**The problem**
Everything from the line with "Black Turtleneck From" to the line with "Strandkorb (Dach), Büsum" in the listing below, both lines included, needs to be copied exactly, apart from the pictures.

**Supplied material**
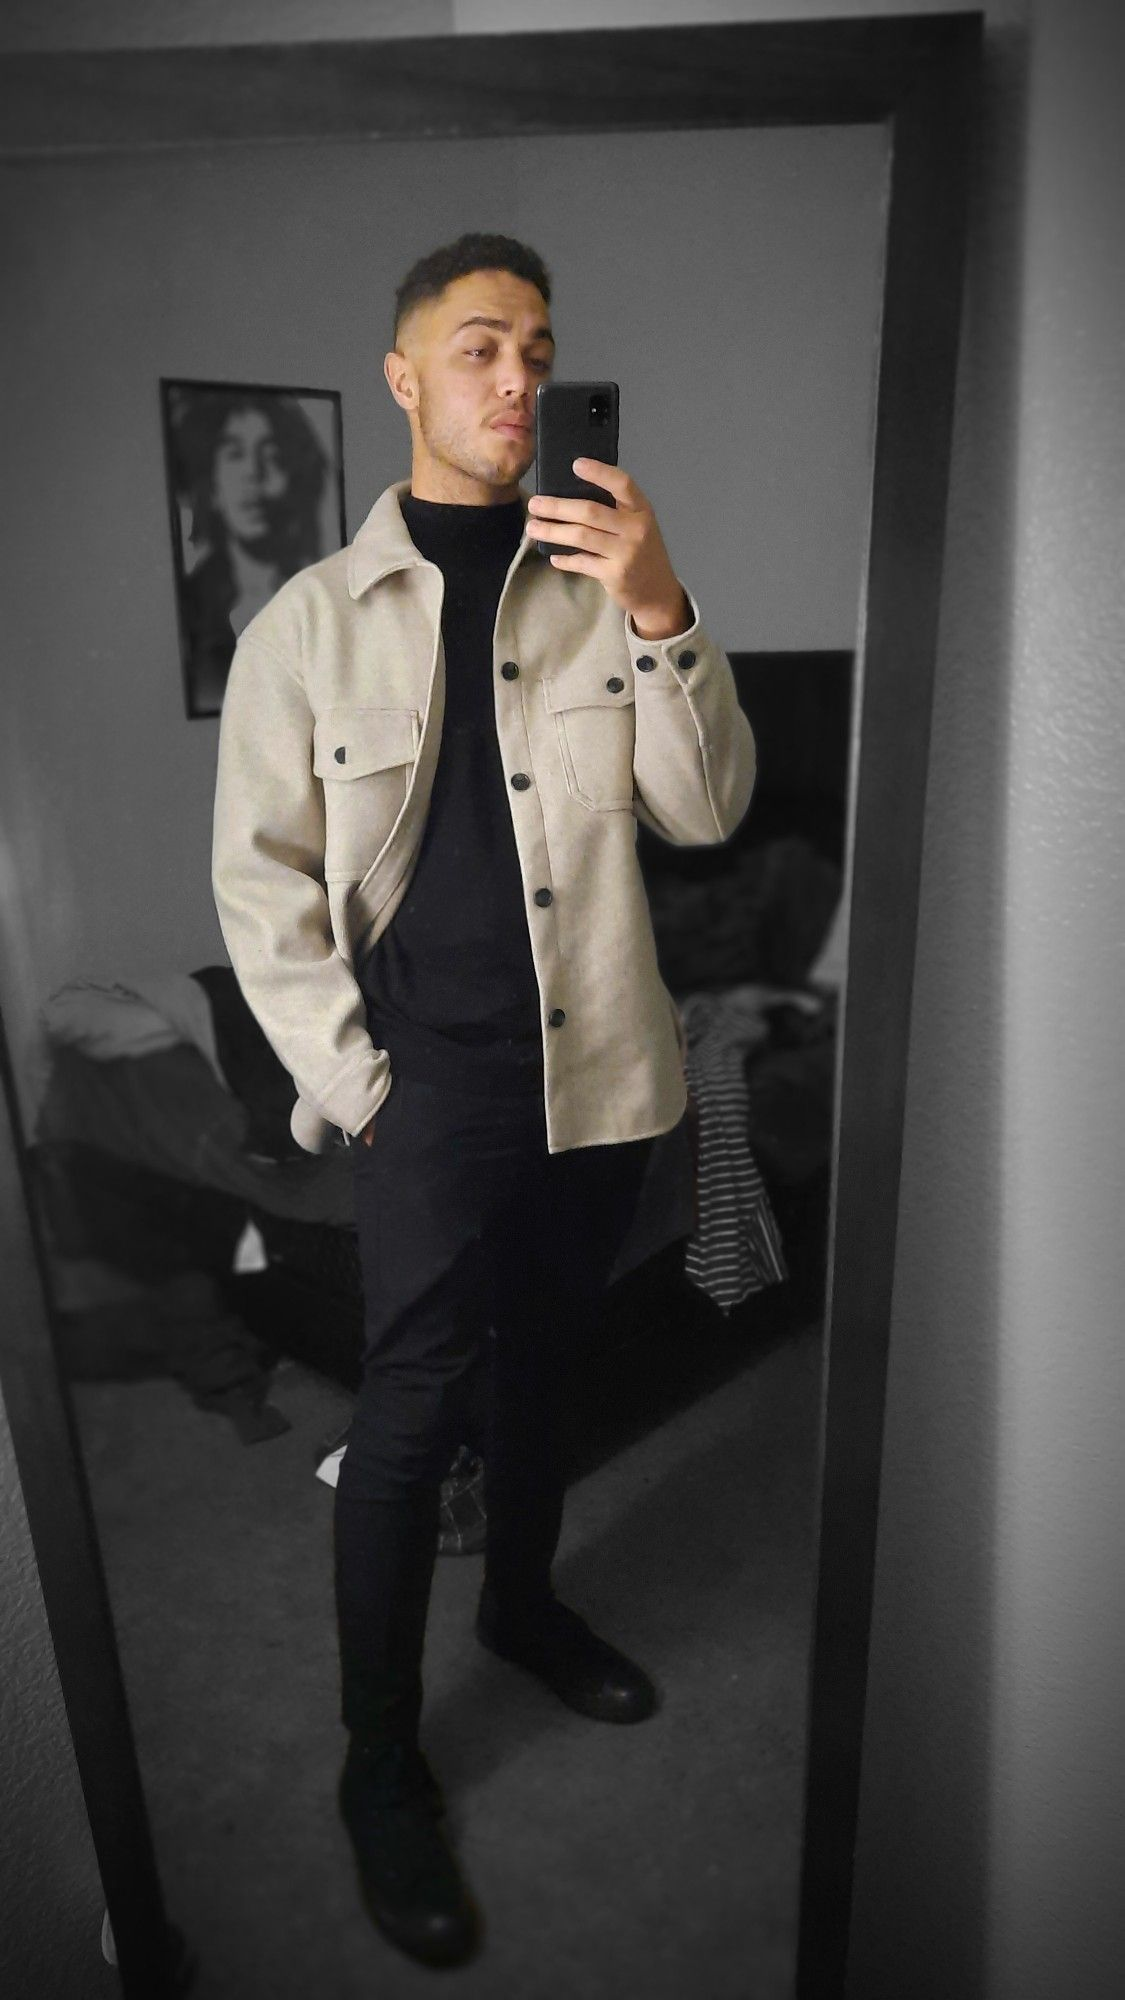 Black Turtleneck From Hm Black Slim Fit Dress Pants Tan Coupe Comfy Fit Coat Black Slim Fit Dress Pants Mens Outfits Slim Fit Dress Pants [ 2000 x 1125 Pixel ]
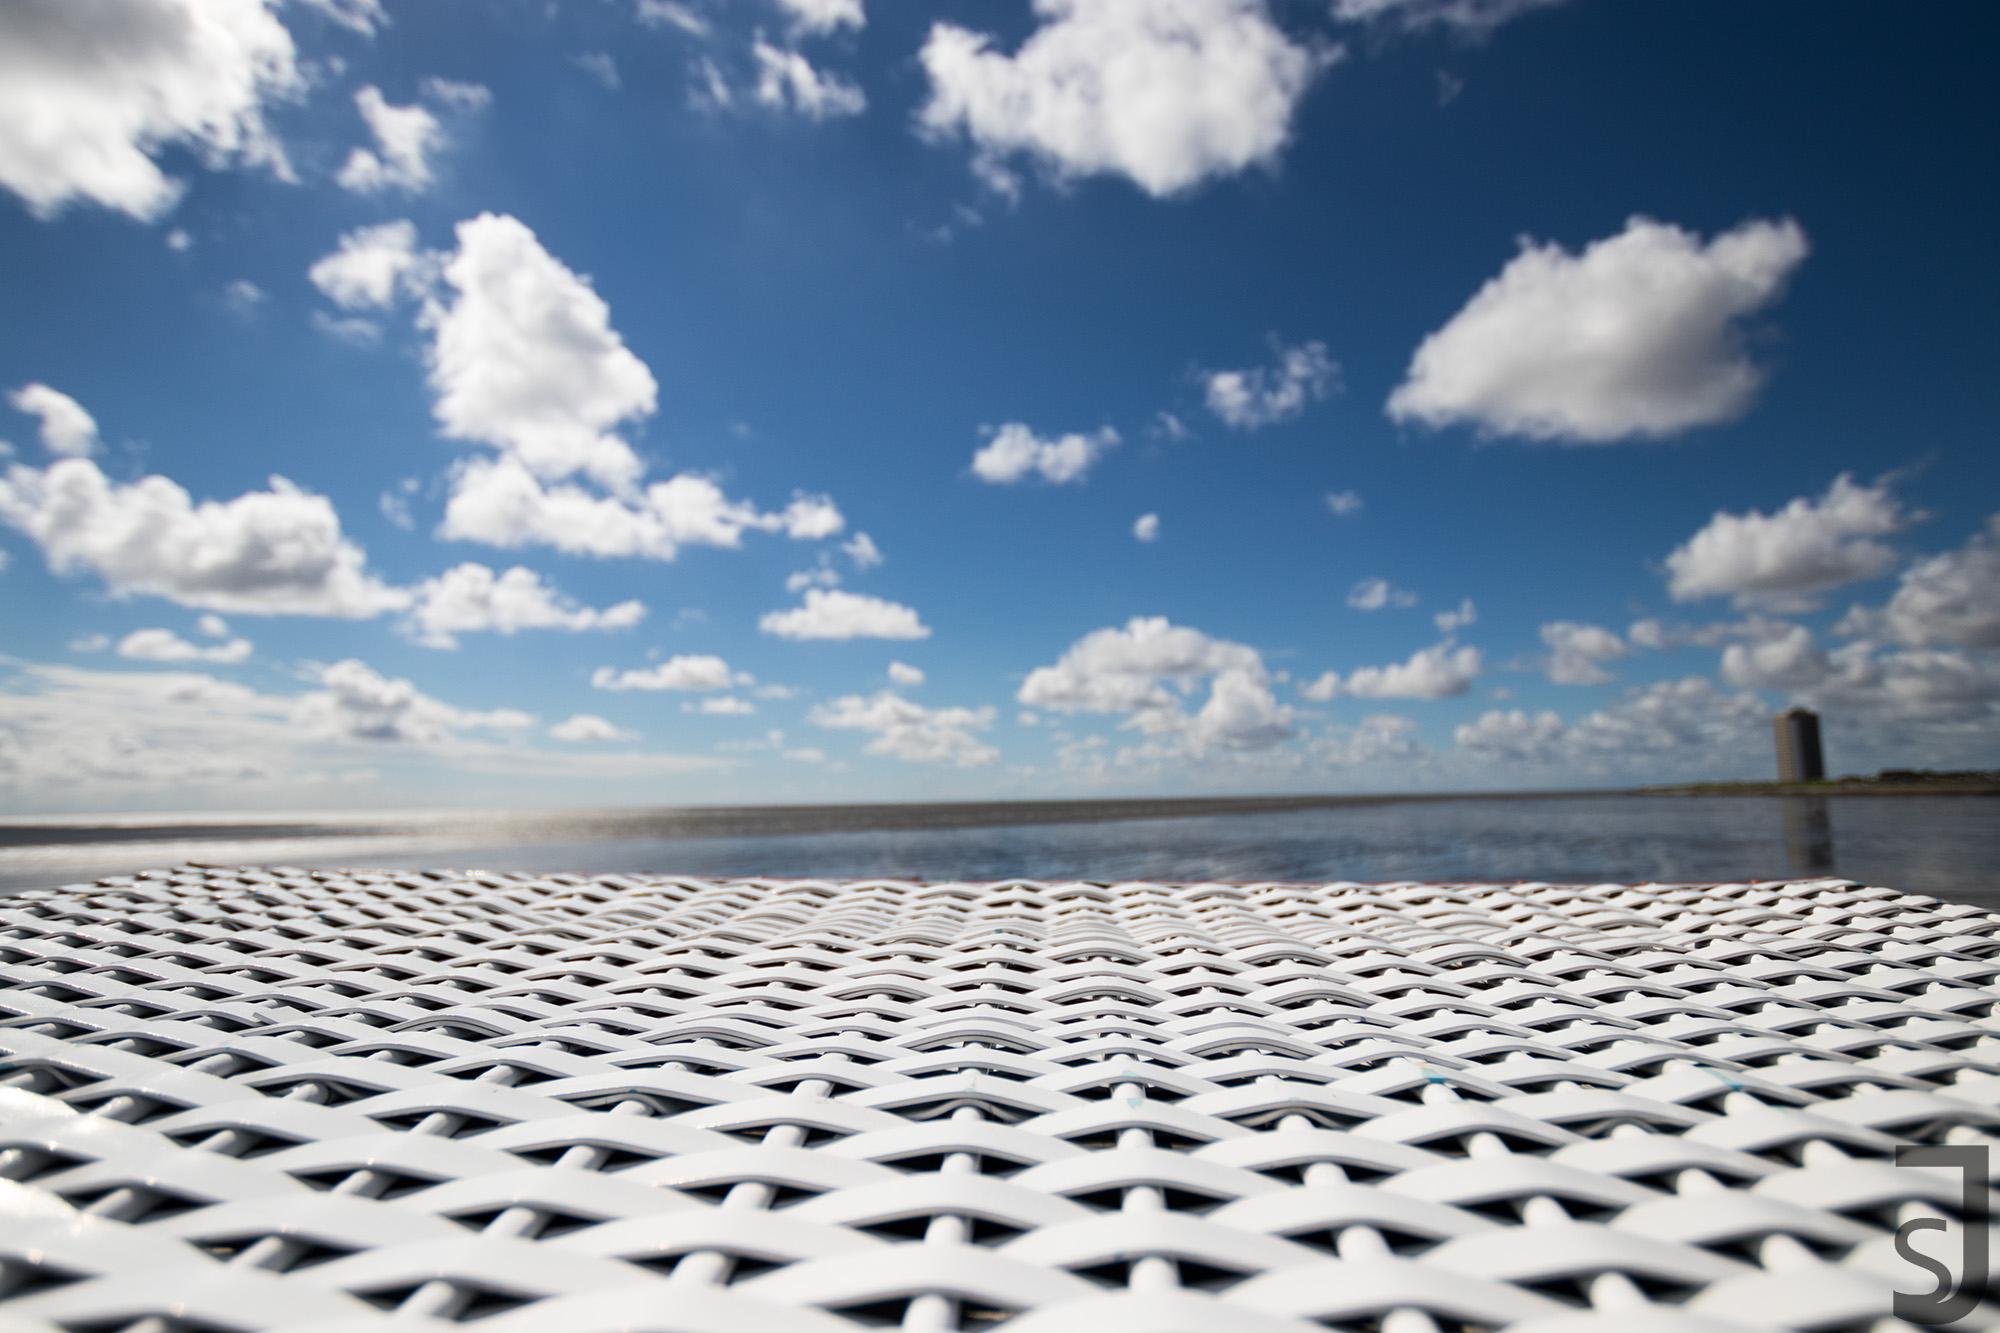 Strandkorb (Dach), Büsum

==

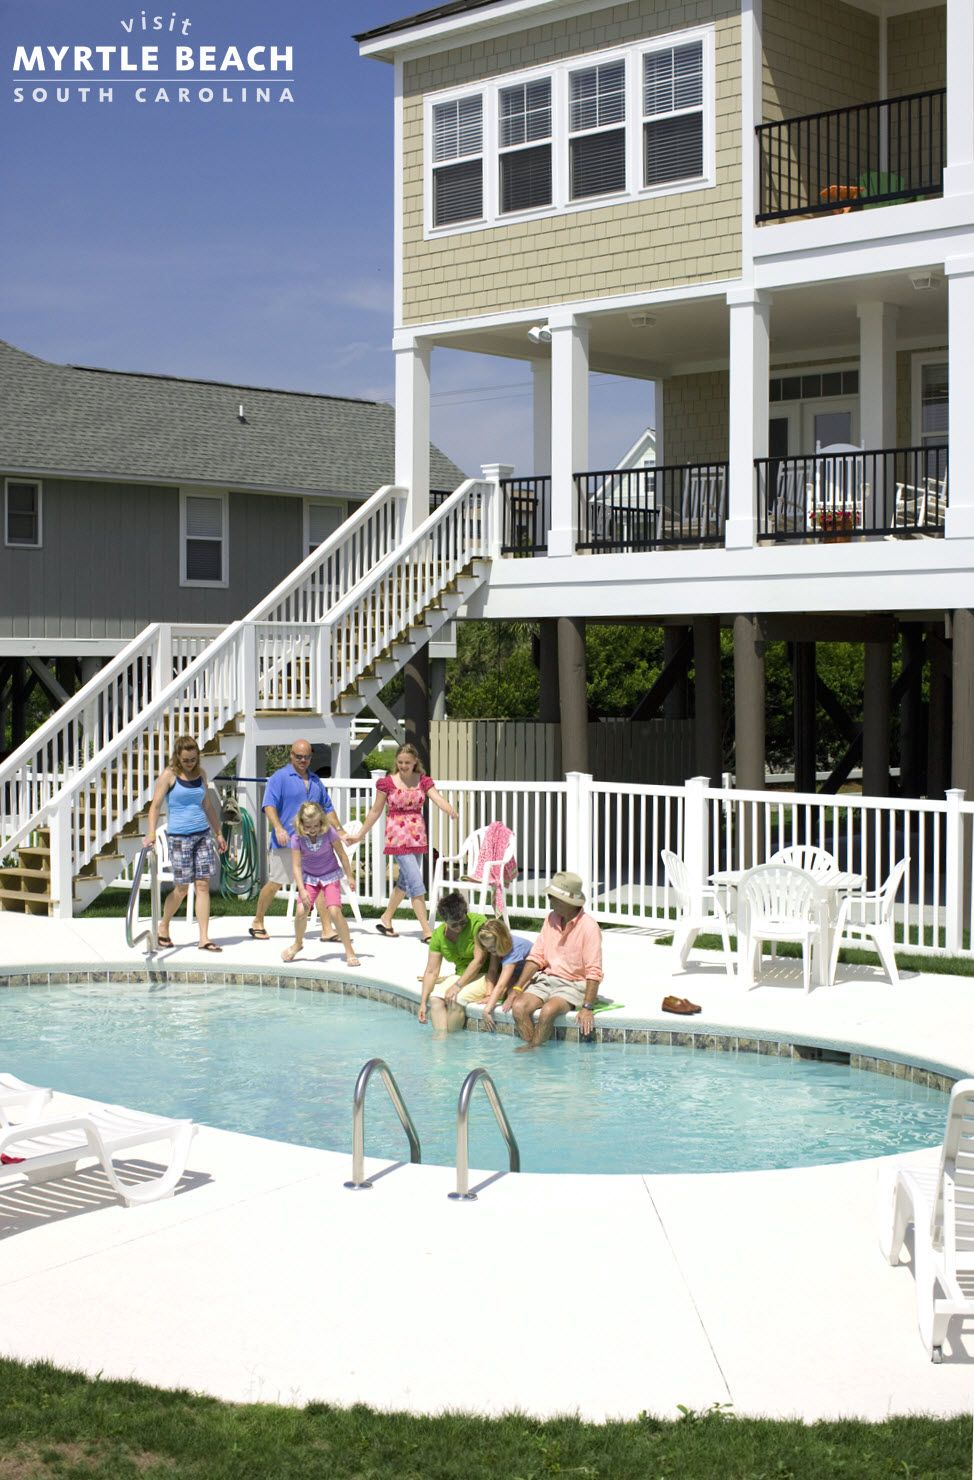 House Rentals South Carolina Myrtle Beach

**Exercise answer**
 Black Turtleneck From Hm Black Slim Fit Dress Pants Tan Coupe Comfy Fit Coat Black Slim Fit Dress Pants Mens Outfits Slim Fit Dress Pants [ 2000 x 1125 Pixel ]
 Strandkorb (Dach), Büsum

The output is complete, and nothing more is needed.